It is dumb to take someone out that is in the top 10 when you are over 100 laps down.  It is even dumber to do it towards the end of a straight away at one of the fastest tracks they race.


----------



## DeWalt (Mar 7, 2010)

I guess Carl took it seriously when NASCAR  they said they were turning the drivers loose.
It might have upset me more if it hadn't been that little worm kawasaki.
I bet half the other drivers were cheering.


----------



## HunterEllis (Mar 7, 2010)

Unicoidawg said:


> x2
> 
> 
> 
> Carl would beat a cup full of coffee beans out of Juan and smack the smile of Harvick's face......

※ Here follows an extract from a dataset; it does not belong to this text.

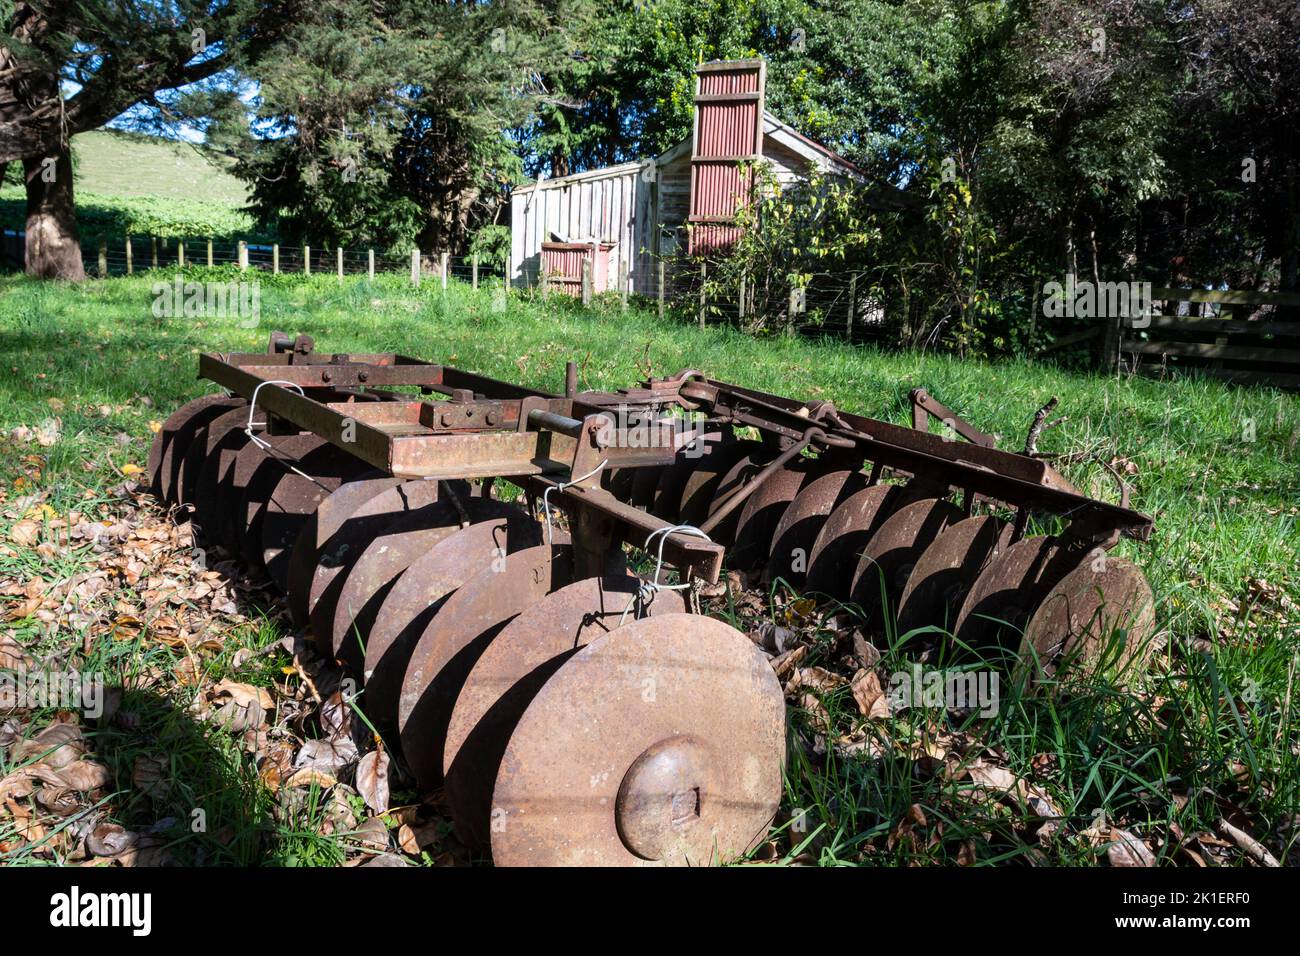 Ancienne machine agricole, une herse à disques, devant le cottage abandonné, Pohangina Valley, Manawatu, Île du Nord, Nouvelle-Zélande Banque D'Images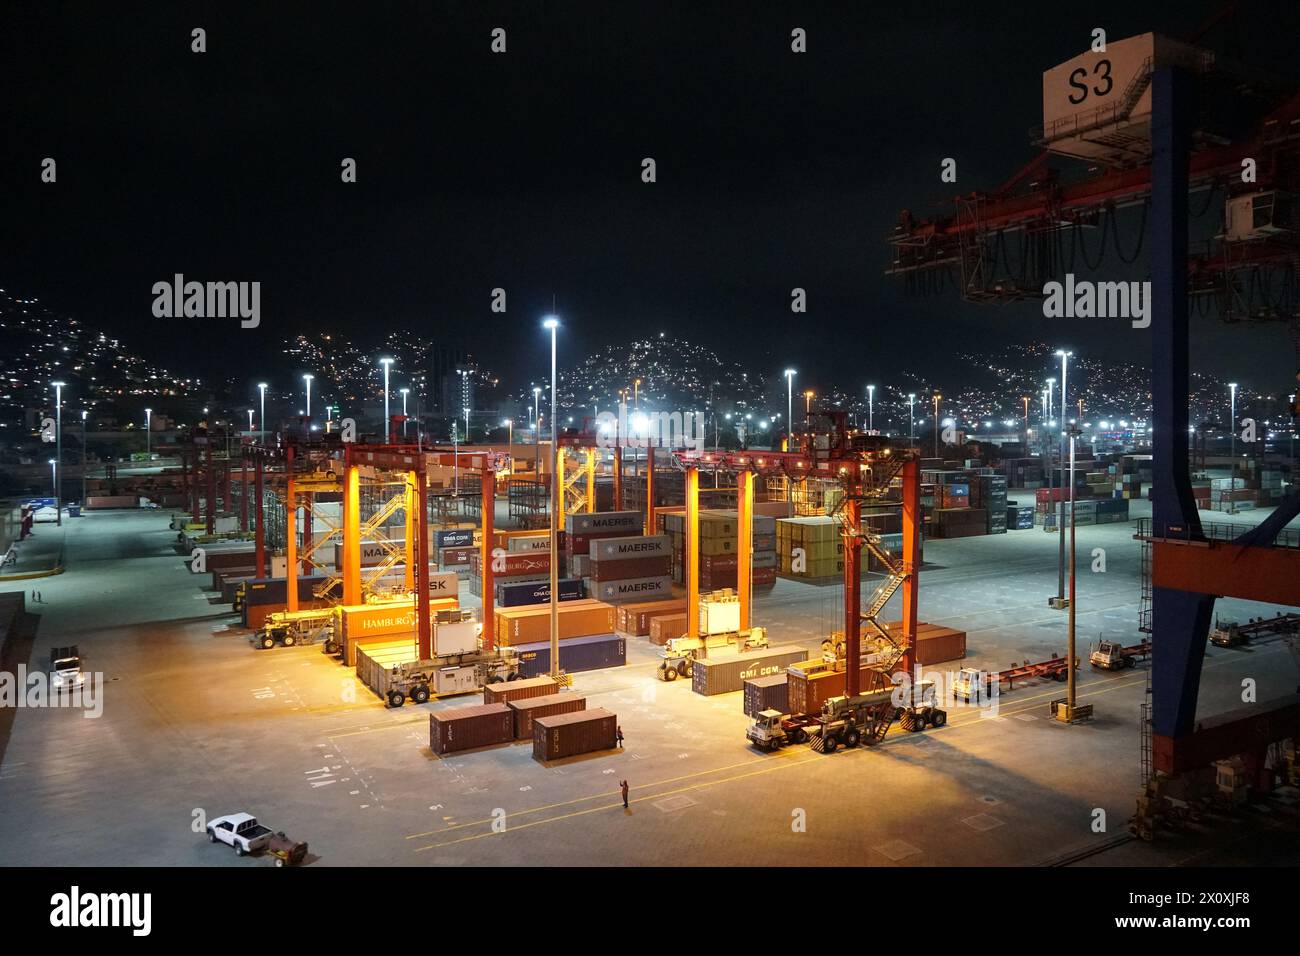 Moderner Containerterminal während des Nachthafens von La Guairá, beobachtet von einem Frachtschiff, das unter Portalkranen verankert ist. Stockfoto

seem to remember harvick throwing edwards on the ground a couple years back in the garage area


----------



## tsknmcn (Mar 7, 2010)

creekbender said:


> keselowski had it coming , glad edwards finally did the right thing in my opinion and take him out , glad he's not hurt and no one in the stands got hurt but 156 laps down or 1 lap down racing is racing .


 
The first time during today's race was Carl's fault too.  He moved down on the 12 coming out of 2.  Cried that the 12 didn't give him room.  Good lord, the 12 was already on the yellow line.  Brad said he lifted, but what does Carl expect?  For someone to jam on the brakes in the turn just because the mighty Carl wants to turn to the bottom?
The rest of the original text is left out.